Гришка опустился на колени возле кровати. Заглянув в лицо Анютки, сдавленно спросил:

– Что тебе надо? Я все сделаю, как ты хочешь. Буду жить с тобой. Сколько тебе нужно буду жить. Видишь – на коленях стою? Не трогай ее только… Ради бога, не трогай ее! Она совсем ни в чем не виновата, ты же видела, она и не смотрит на меня! Поклянись, что не пойдешь туда!

– Клясться не буду, – отворачиваясь, сквозь зубы сказала Анютка. – Придется тебе так поверить. Ежели перестанешь ее глазами на людях есть, так нужна мне твоя Ирка со всеми потрошьями… Ну, по рукам, Гришенька?

Гришка встал.

– Может, еще магарыч выпьем? – с ненавистью спросил он и, не глядя больше на жену, пошел к выходу. Хлопнула дверь, загрохотали шаги вниз по лестнице.

Анютка, обхватив плечи руками, смотрела на дрожащее пламя свечи, улыбалась, но по лицу ее бежали слезы. В конце концов она с силой дунула на свечу, ничком повалилась на постель и зарыдала.

* * *

Третий день по Петербургу носился ветер. С неба, несмотря на начало лета, сыпался колючий дождик, напоминающий снежную крупу. Прохожие прятали носы в воротники пальто, извозчики плотнее запахивались в армяки. К вечеру немного прояснело, закат пробился сквозь отяжелевшие тучи узким красным лучом, его холодный свет заплясал на воде Невы, лизнул иглу Адмиралтейства, попрыгал на куполе Исаакия, но до ресторана «Аркадия» так и не дотянулся.

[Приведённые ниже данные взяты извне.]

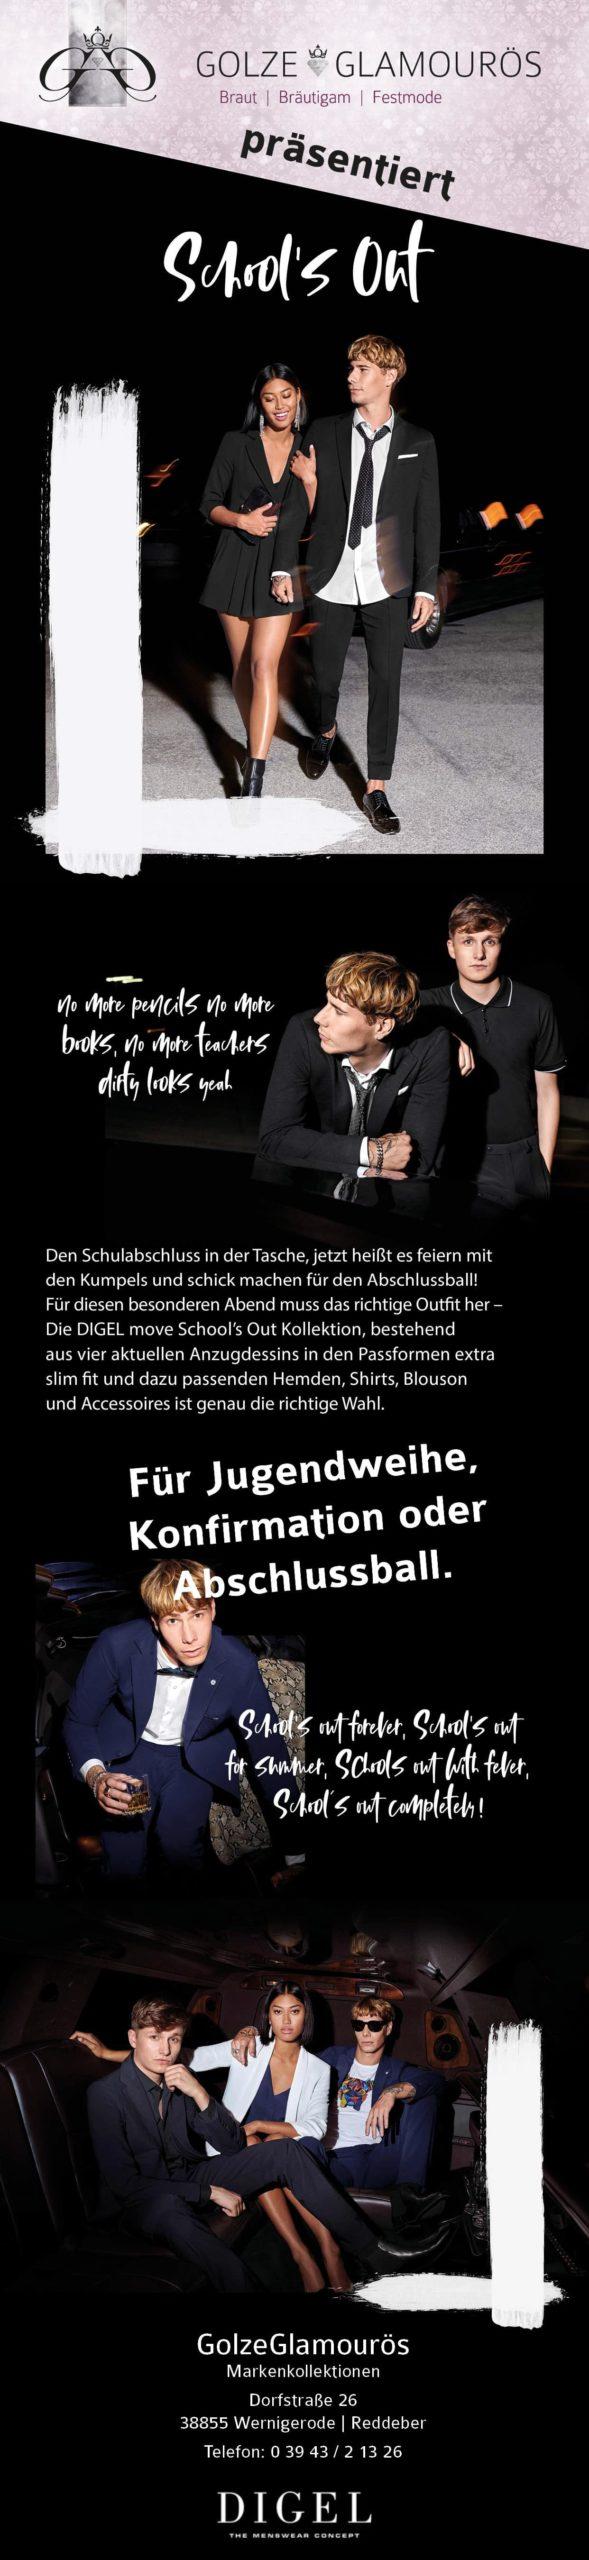 Schools out | Jugendweihe, Konfrimation, Abiball

Впрочем, в ресторане, выстроенном когда-то заезжим французом, никто не заметил внезапного проблеска заката. «Аркадия» горела голубыми огнями, у ворот выстроилась целая вереница наемных экипажей, и поминутно подъезжали новые. Извозчики, поворачиваясь ватными спинами к порывам северного ветра, шепотом ругали господ и дули в покрасневшие ладони, как зимой. Из ресторана доносились звуки аплодисментов: только что объявили выход цыганской певицы Дарьи Степной, и артистка в красном бархатном платье, с шалью через плечо, быстрой, немного нервной походкой уже поднималась на эстраду.

Дарье Степной было тридцать семь лет, но она все еще была хороша собой. Ресторан разразился рукоплесканиями при виде невысокой худощавой фигуры артистки, ее густых, мелко вьющихся черных волос, в которых, словно лента, блестела над виском широкая седая прядь. С очень смуглого, почти кофейного цвета лица с острым подбородком насмешливо смотрели длинно разрезанные, черные, блестящие глаза. Красота не делала Дарью Степную моложе; напротив, было что-то болезненное в блеске этих длинных глаз, в кирпичном, неровном румянце скул, в тонких, длинных, худых пальцах, унизанных кольцами. В Петербурге говорили, что Дарья Степная – самая настоящая таборная цыганка, начавшая карьеру в московском хоре пятнадцатилетней девочкой. В Петербурге она появилась пять лет назад вместе с мужем, хорошим гитаристом, и обоих без раздумий приняли в хор «Аркадии». Никто из поклонников артистки не знал, почему эти двое покинули Москву. Кое-что было известно хоровым цыганам, но они помалкивали.

Зал ресторана неистовствовал. Особенно бесновалась компания купчиков за ближним столиком. Полчаса назад в уборную Дарьи Степной принесли от них букет орхидей по пятнадцати рублей за штуку, а сверх того – со свернутой сторублевкой, вставленной между цветочными стеблями. Одна из орхидей красовалась сейчас за поясом артистки. Молодые купцы, усмотрев в этом проявление благосклонности, орали наперебой:

– Божественная! Божественная! Дарья Степановна! Просим, просим «Пурпурную розу»! «Луч заката» просим!

Дарья Степная, улыбаясь, ждала, пока рев поклонников утихнет. Хоровые цыганки, сидящие полукругом в глубине эстрады, завистливо переглядывались, поджимали губы: солистку недолюбливали. Хоревод, большой и сильный человек с наголо обритой головой и адмиральскими усами, вполголоса спросил:

– Данка, сначала одна споешь?

– Да, Алексей Васильич, – хрипловато ответила певица. – Кузьма сыграет. Ну, «Не уверяй – брось»!

Обращаясь к стоящему за ее спиной мужу, она даже не повернула головы, но тот послушно тронул гитарные струны. Короткие задорные переборы окончательно заставили утихнуть шум в зале. Начала Данка в полной тишине:


Мне говоришь, рабом ты будешь,
Молиться станешь мне одной…

У нее был красивый, сильный, звенящий на высоких нотах голос. Когда Данка с лукавой улыбкой повела плечом и запела знаменитый припев, зал снова загремел аплодисментами.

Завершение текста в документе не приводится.